Gibt es Gratis Tools? wäre schön wenn mich jemand informieren würde! danke


----------



## Andreas Späth (13. August 2005)

*Re: Screen aufnahme Tool ("Bildschirmvideo")*

Fraps ist in der alten Version kostenlos, bin mir aber nicht sicher ob es auch vom Desktop Videos aufzeichnen kann oder nur bei Fullscreenanwendungen.


----------



## Netos (13. August 2005)

*Re: Screen aufnahme Tool ("Bildschirmvideo")*

Hmm erstmal danke. Allerding lassen sich da nur 30 Sekunden Video aufnehmen.. Das Tool überzeugt mich auch mit der Aufmachung nicht wirklich  wäre schön wenn sich noch alternativen finden lassen, wenns geht kostenlos ..  Danke!


----------



## Alexander Schuc (13. August 2005)

*Re: Screen aufnahme Tool ("Bildschirmvideo")*

Hi.

Der Windows Media Encoder kann ScreenCapturing und ist gratis.

Ansonsten gäbe es das Camtasia Studio.
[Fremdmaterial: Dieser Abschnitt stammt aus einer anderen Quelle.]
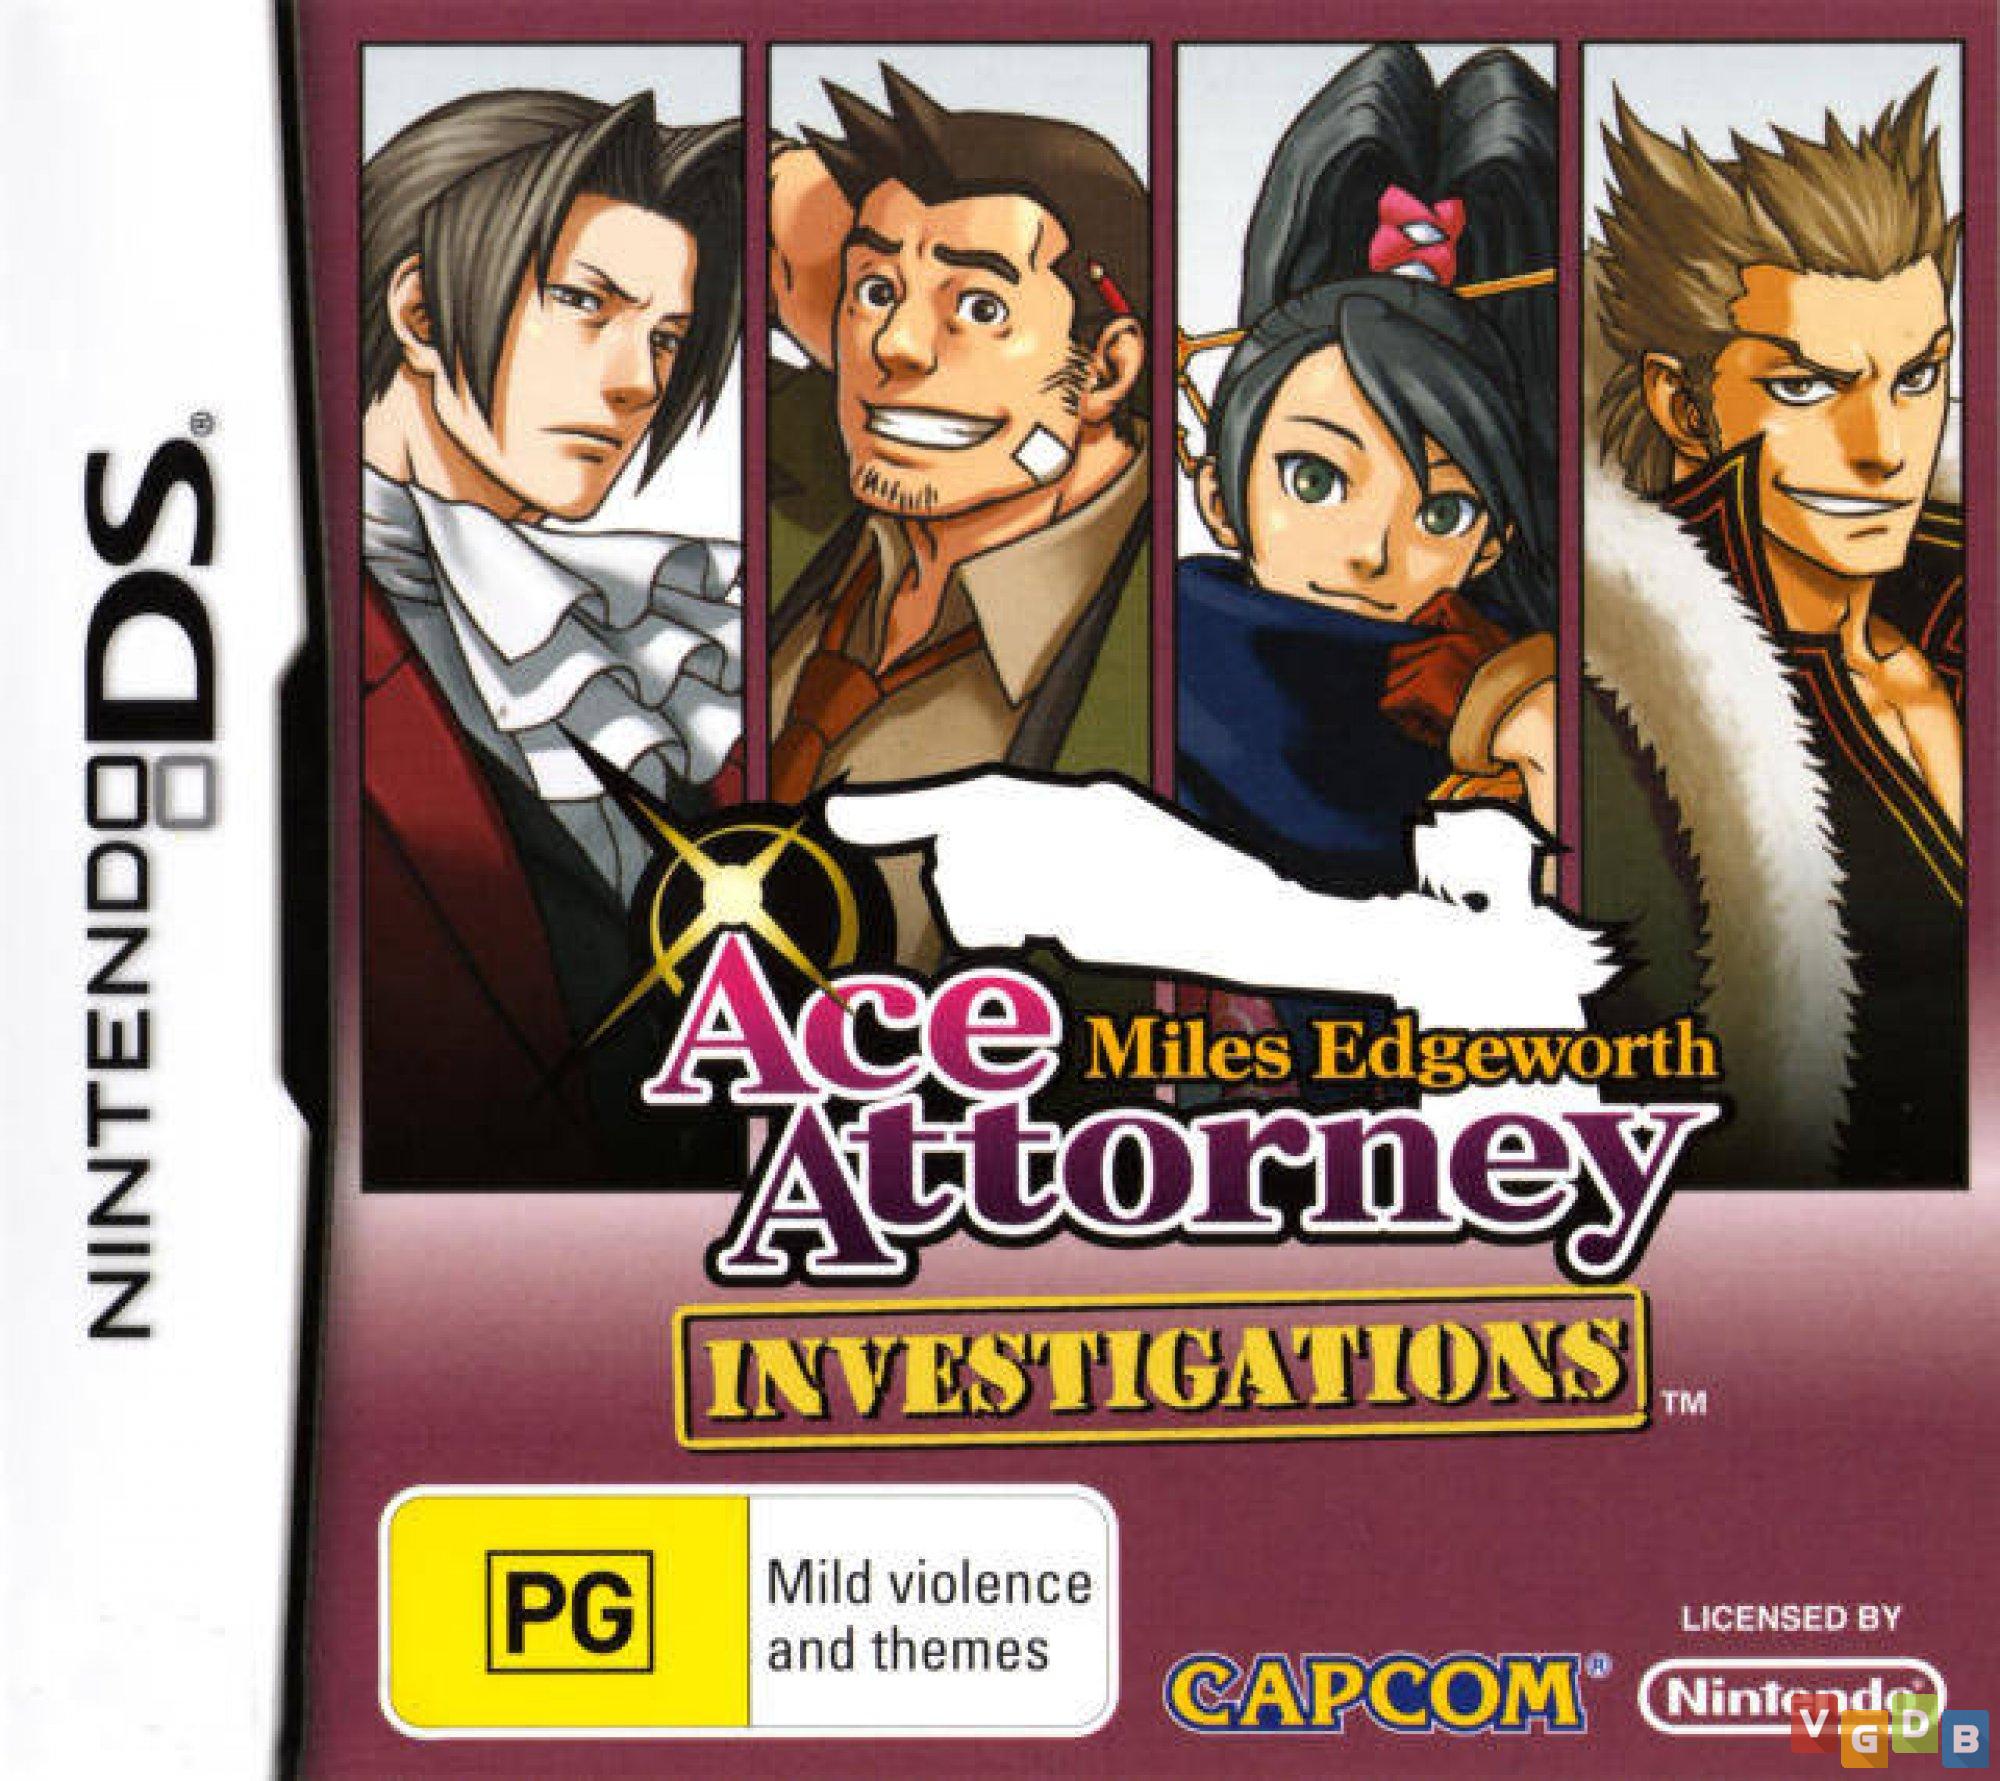 Ace attorney miles edgeworth. Ace attorney investigations: Miles Edgeworth. Miles Edgeworth investigations 2. Ace attorney Nintendo DS. Ace attorney investigations 2 poster.

Nur das ist nicht gerade billig.

MfG,
Alex


----------



## Heskey (3. Juli 2010)

Debut Video Capture (Freeware) zeichnet den Bildschirm, Bilder von der Webcam oder Filme von Camcorder als Video auf. Das Programm kommt auch gut mit Spielen oder dam Abfilmen von Videos zurecht.
http://debut-video-capture.soft-ware.net/download.asp


----------